# What to produce
What you write should be an exact repeat of the lines from the one with "Tributo ai morti" through the final line below, minus the pictures.

# Collected material
────────────────────────────────────────

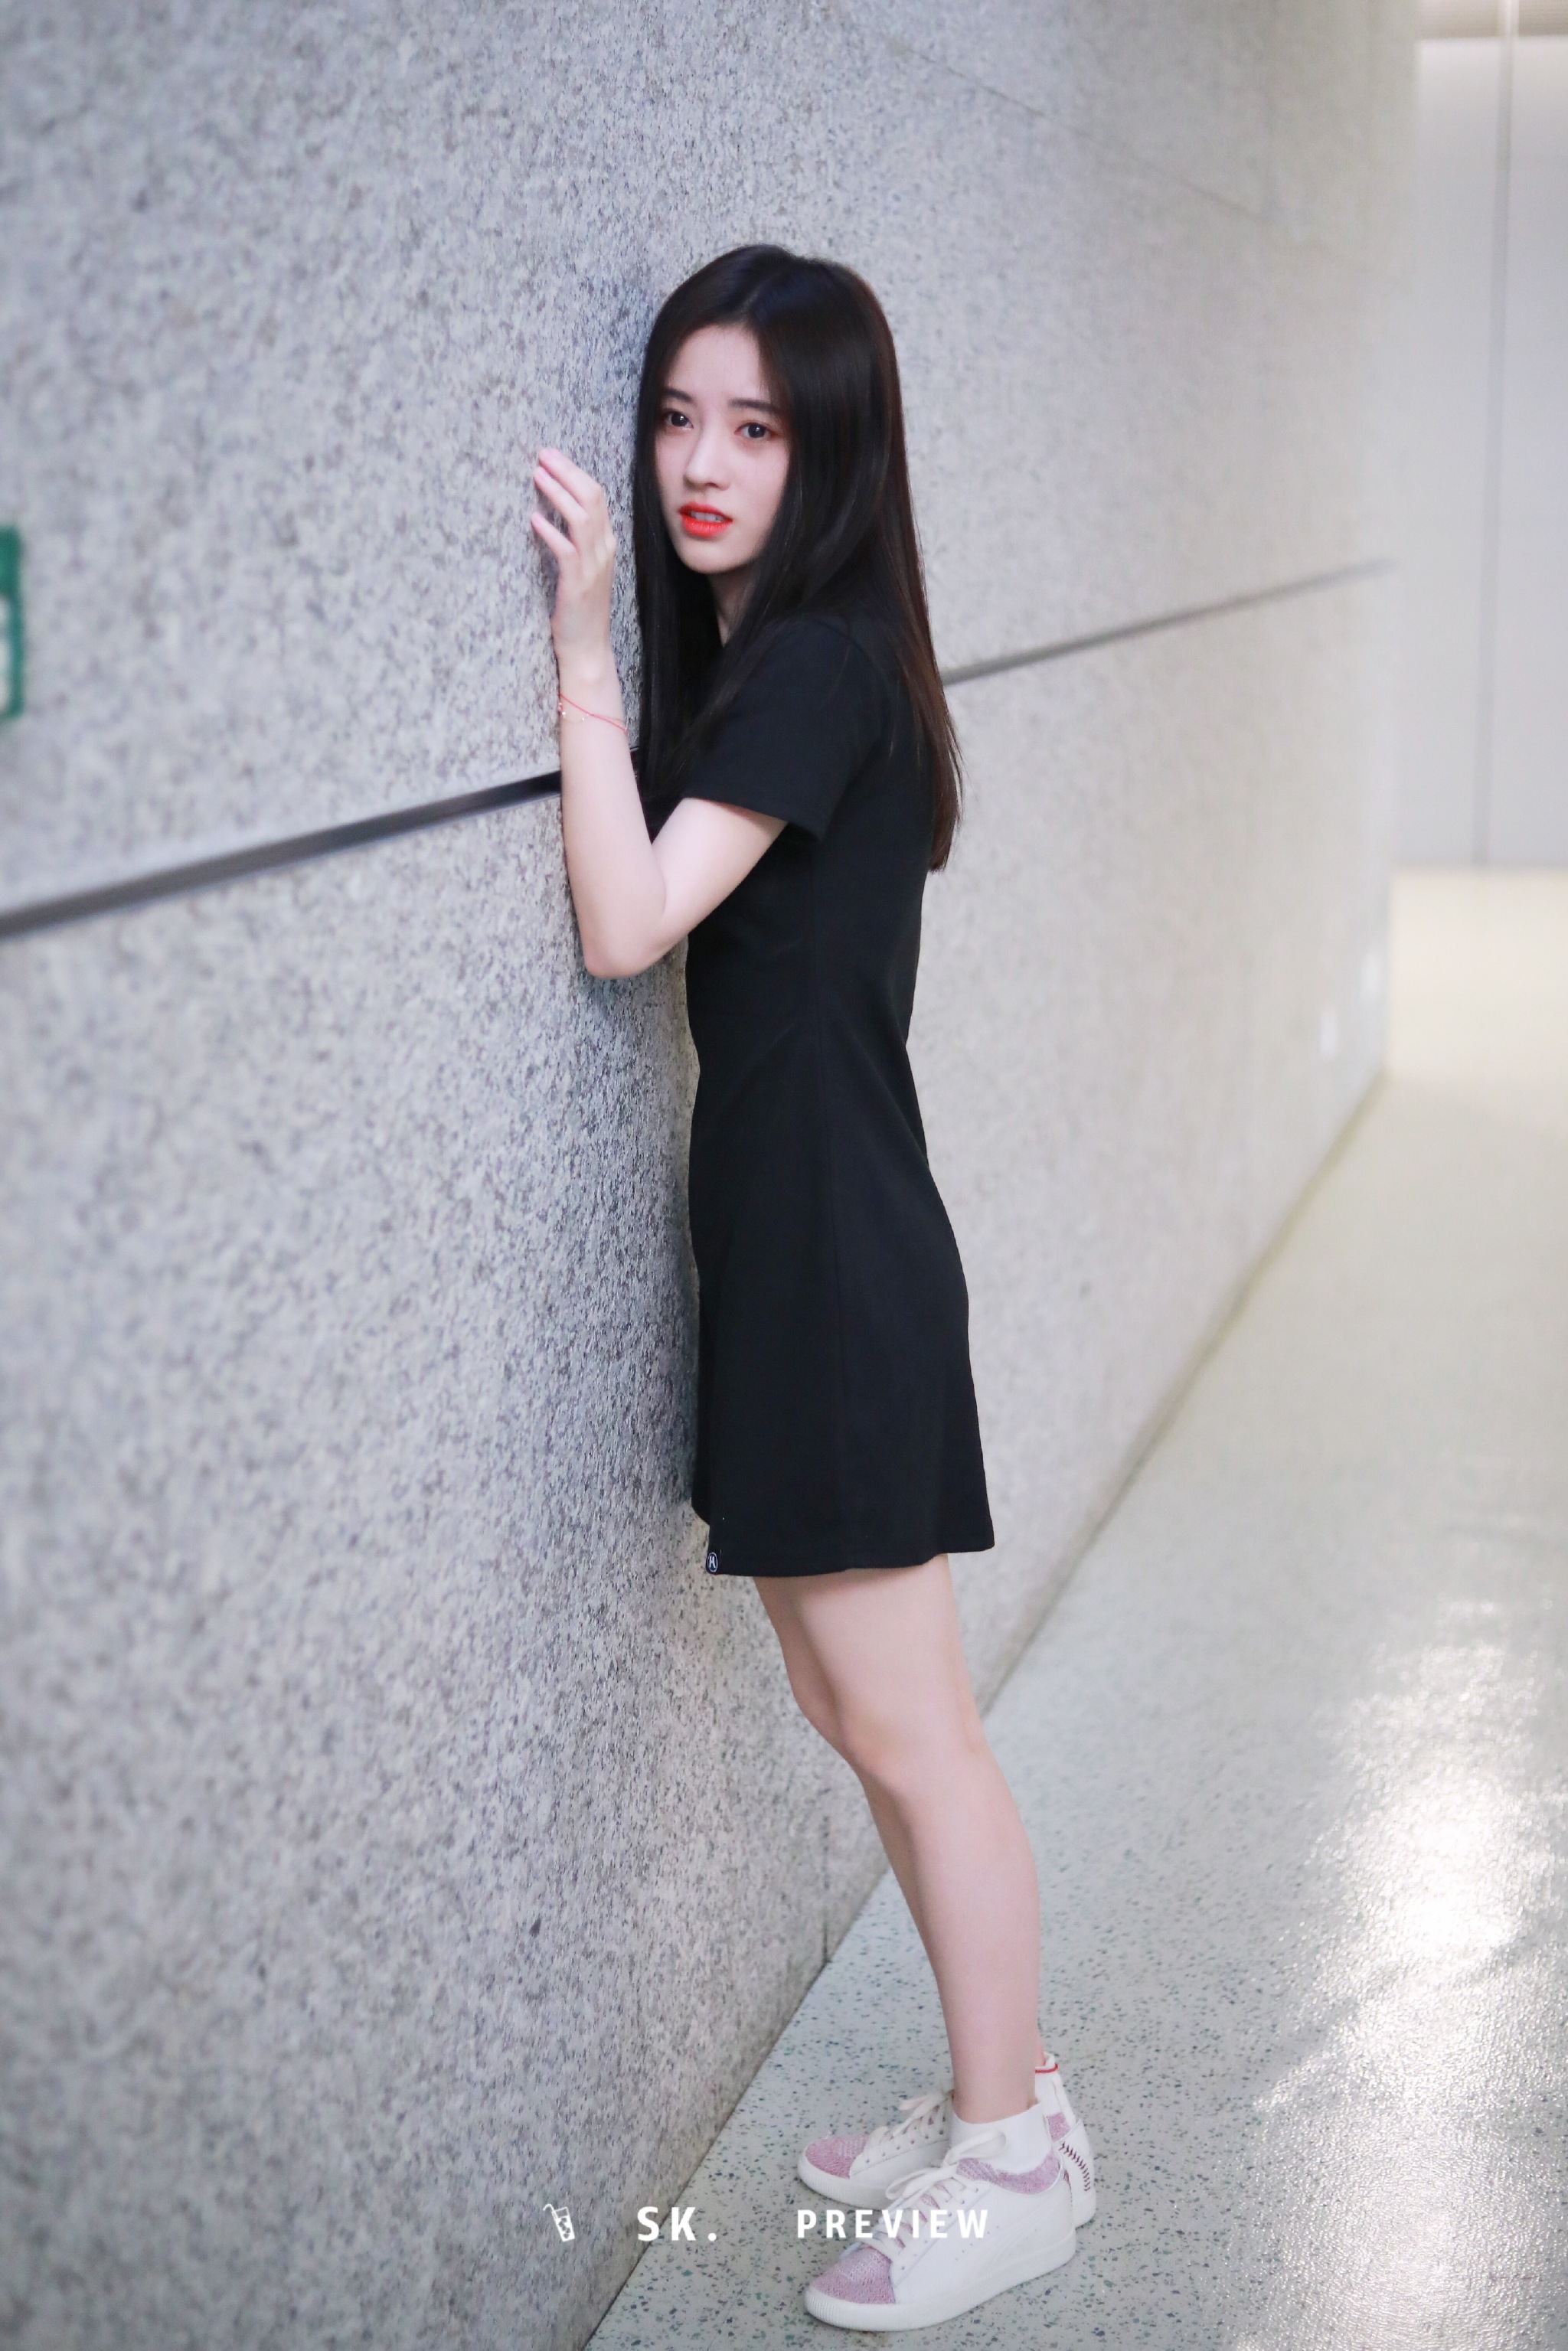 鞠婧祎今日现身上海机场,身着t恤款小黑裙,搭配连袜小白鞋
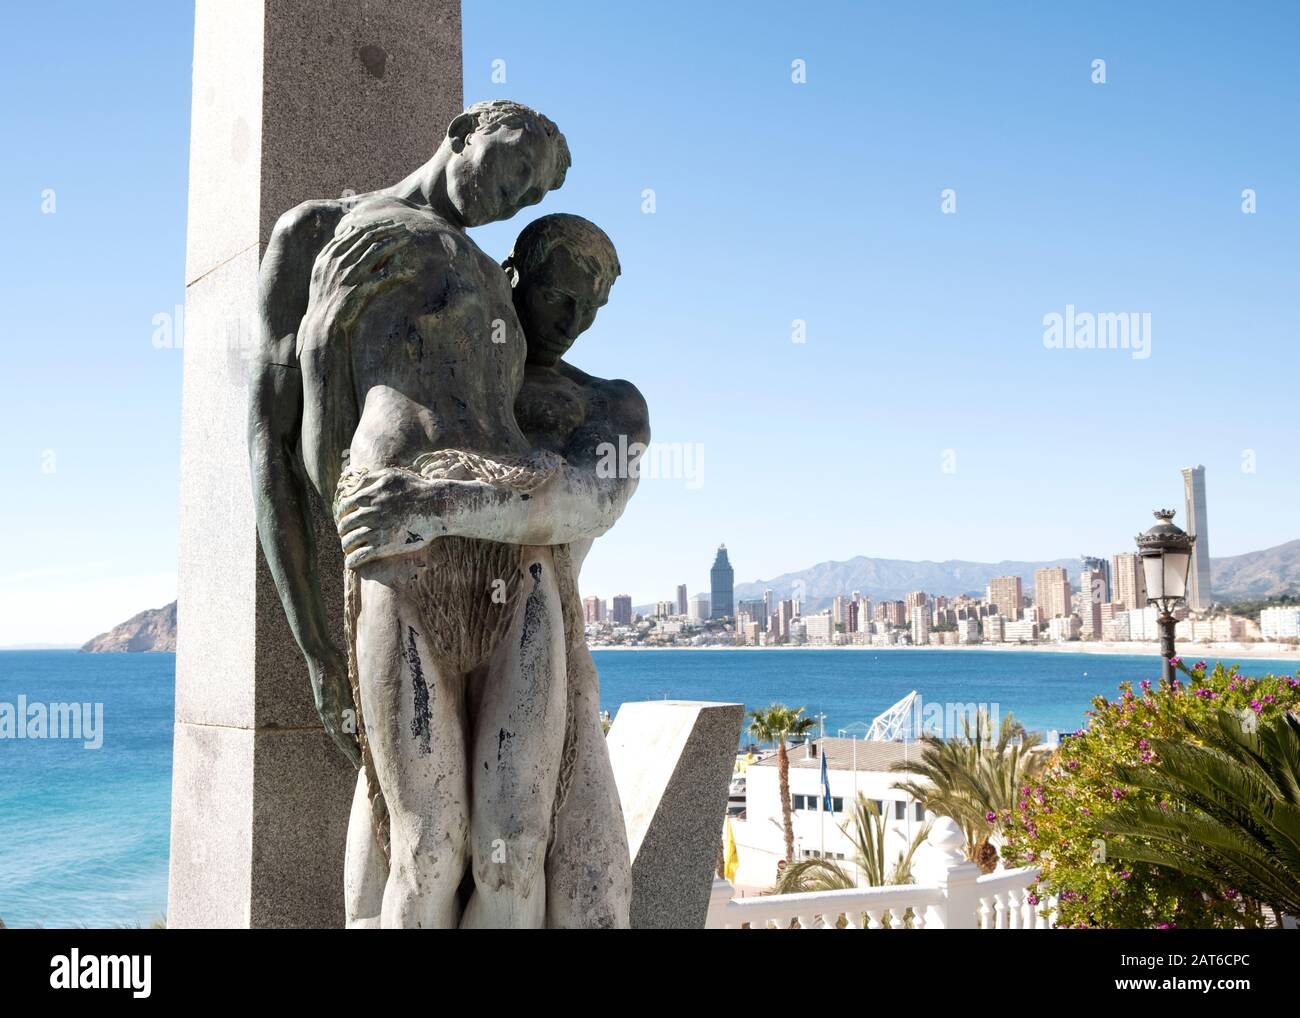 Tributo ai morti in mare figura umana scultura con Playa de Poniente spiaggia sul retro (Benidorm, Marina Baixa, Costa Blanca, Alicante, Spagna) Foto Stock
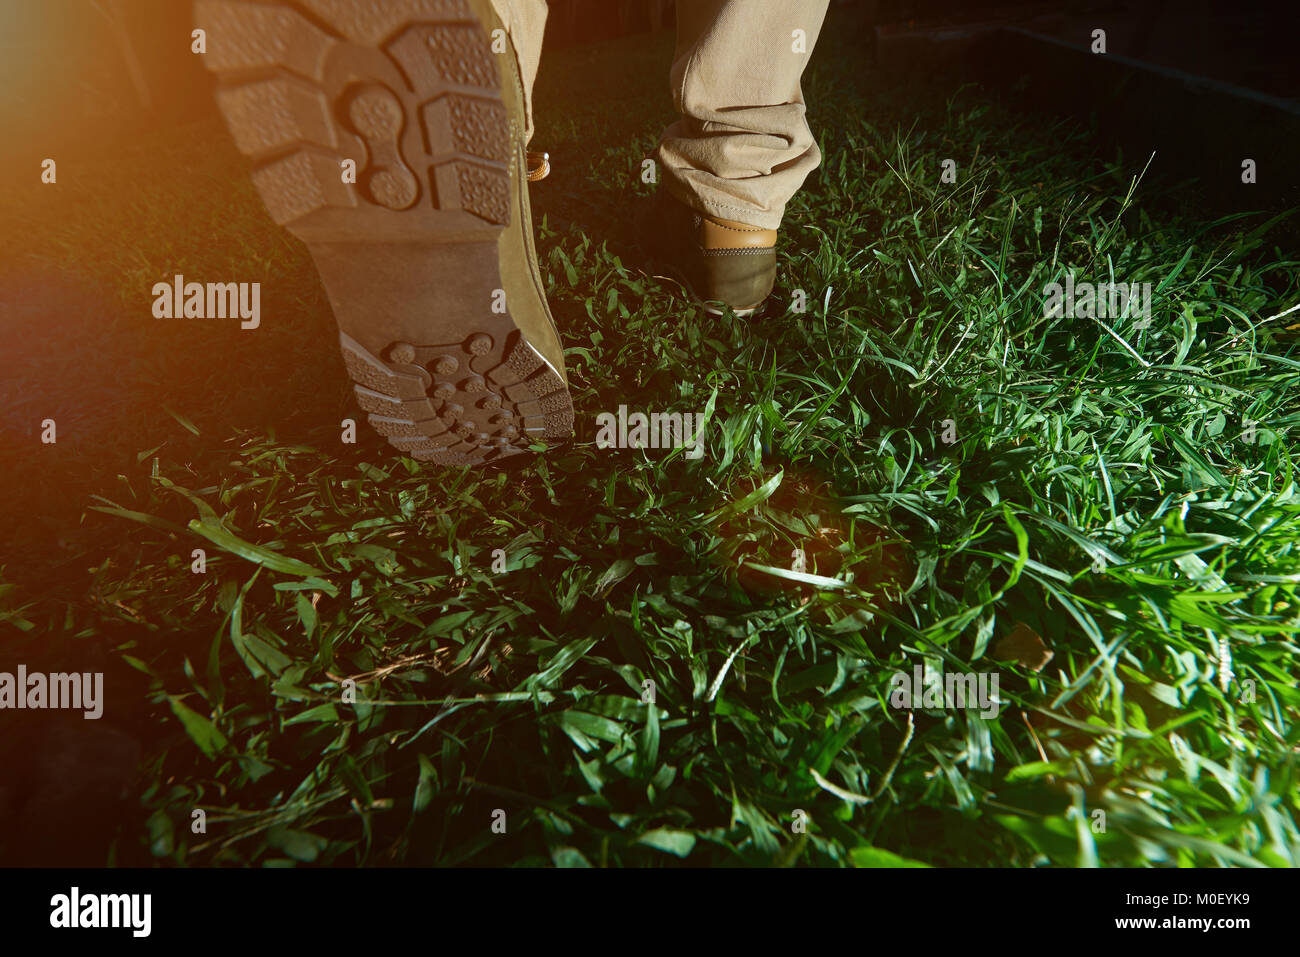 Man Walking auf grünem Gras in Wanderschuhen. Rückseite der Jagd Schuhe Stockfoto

────────────────────────────────────────

# Your solution
 Tributo ai morti in mare figura umana scultura con Playa de Poniente spiaggia sul retro (Benidorm, Marina Baixa, Costa Blanca, Alicante, Spagna) Foto Stock
 Man Walking auf grünem Gras in Wanderschuhen. Rückseite der Jagd Schuhe Stockfoto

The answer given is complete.